- Born: March 30, 1957 (age 69) Brooklyn, New York
- Other name: Brian Simpson
- Occupation: Stand-up comedian
- Website: www.lewisschaffer.co.uk

= Lewis Schaffer =

American comedian

Lewis Schaffer is an American broadcaster and comedian, based in Nunhead, south-east London, England, where he moved in 2000. He hosts a weekly radio show on Resonance 104.4FM in London, once appeared regularly on GB News, occasionally tours Britain as a stand-up comedian. He does not have a 2026 calendar.

==Career==

Schaffer's show "Free until Famous" ran from October 2008 until April 2014 at a venue in Soho and later at The Rancho Grill in Mayfair, London. His show was the "longest running solo stand-up show in London and perhaps all of Britain", running in excess of 400 performances.

Schaffer performed his show "Lewis Schaffer: American in London" every Sunday at the Leicester Square Theatre in London for over three years until June 2014.

He has hosted "Nunhead American Radio with Lewis Schaffer" on Resonance 104.4FM London since 2009. The show is broadcast live every Monday at 5:00PM GMT.

In 2009, he won the Malcolm Hardee Cunning Stunt Award for best publicity stunt at the Edinburgh Festival Fringe for persuading the magazine The List that he would be sponsoring the Edinburgh Comedy Awards. Schaffer said he had purchased the naming rights to the awards for £99 and his mother would be on the judging panel.
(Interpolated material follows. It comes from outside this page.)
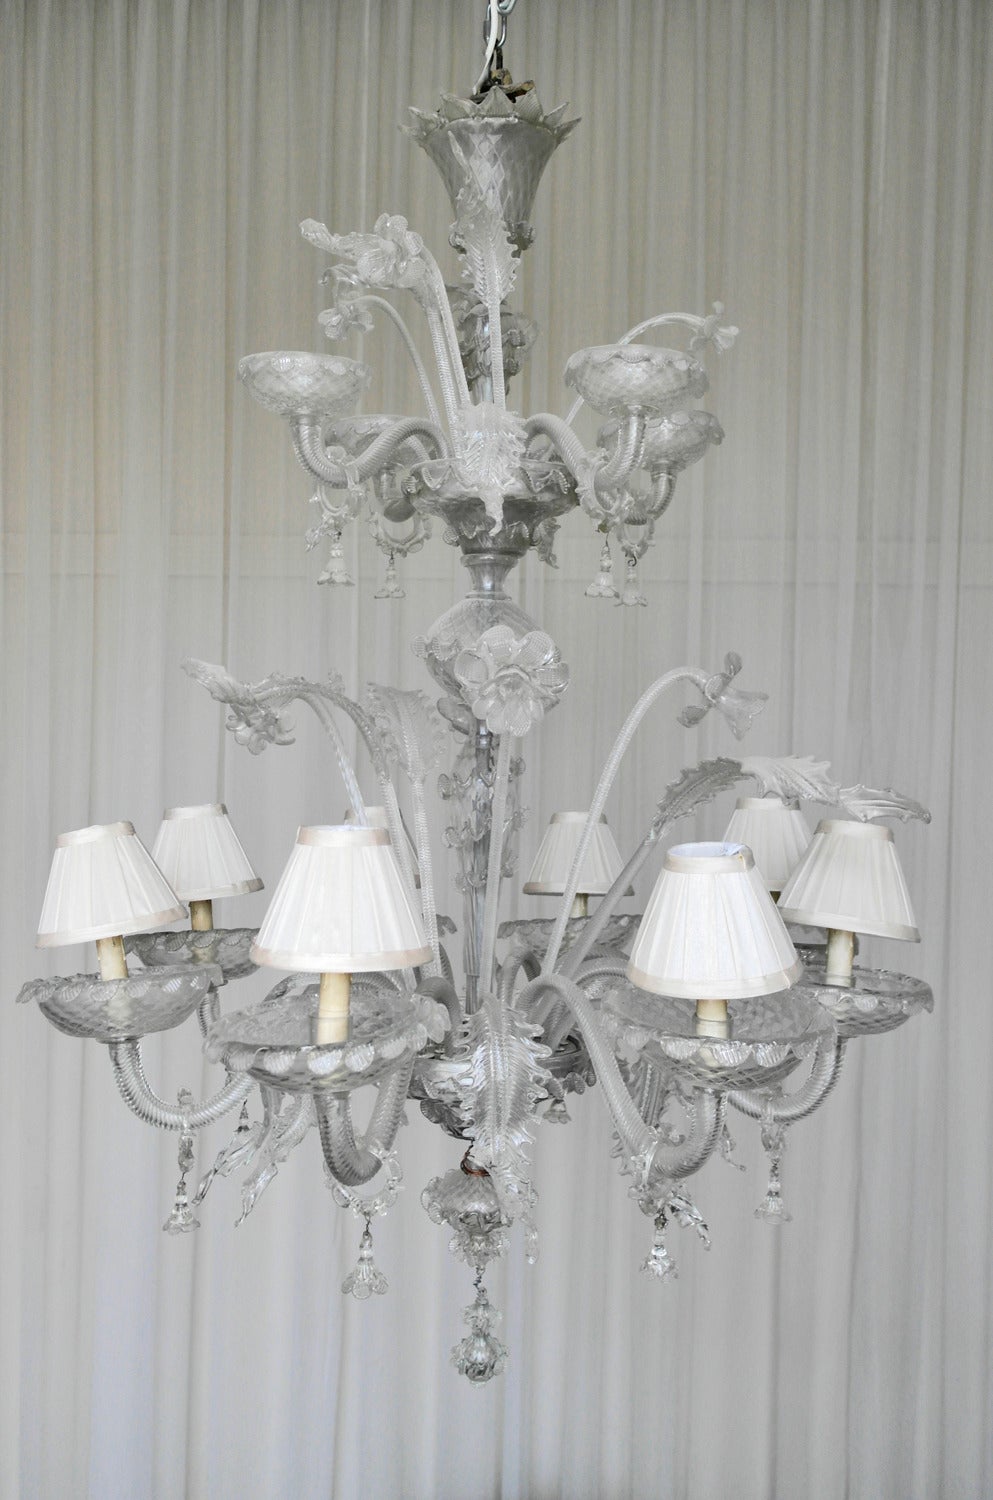 Eight arm, two tier chandelier in Murano glass with organic floral detailing. Each candle arm features a dripping-wax effect candlestick light with pale gold satin lampshades (estimated to be a later addition to the piece.) Ideally suited to grand

On July 3, 2025, while appearing on GB News discussing the cost of disability benefits, Schaffer suggested that disabled people should be killed off, either by starvation or by shooting them. After his comments received backlash for echoing Nazi rhetoric about disabled people he repeated them on X.

On October 12, 2025, while appearing as a guest on GB News, Schaffer was asked to comment on remarks made by another guest about Donald Trump. In response, Schaffer made a personal remark about the guest’s appearance, stating, “I can’t even listen to him—look at how fat he is.” The comment prompted criticism from the programme’s host, Dawn Neesom, and fellow guest James Matthewson, who condemned the remark and criticized the channel, stating, “These are the Donald Trump supporters.”

Lewis Schaffer has been livestreaming daily on Lewis Schaffer: Uncooked on YouTube, generally at 5PM UK (12Noon NYC) since June, 2025. He streamed 355 dates in his first year.

==Personal life==
In September 2019, Schaffer was assaulted while he was cycling in south London. He received treatment for a broken nose and facial wounds at King's College Hospital in Denmark Hill.

In addition to his radio work, Schaffer hosts a daily livestreamed broadcast on his YouTube channel titled "Lewis Schaffer Uncooked", alongside occasional late-night live streams. The streams typically feature unscripted commentary, interactions with viewers, and discussions on current events and comedy.

In his personal life, Schaffer is single and has frequently incorporated his search for a partner into his public commentary and comedy material.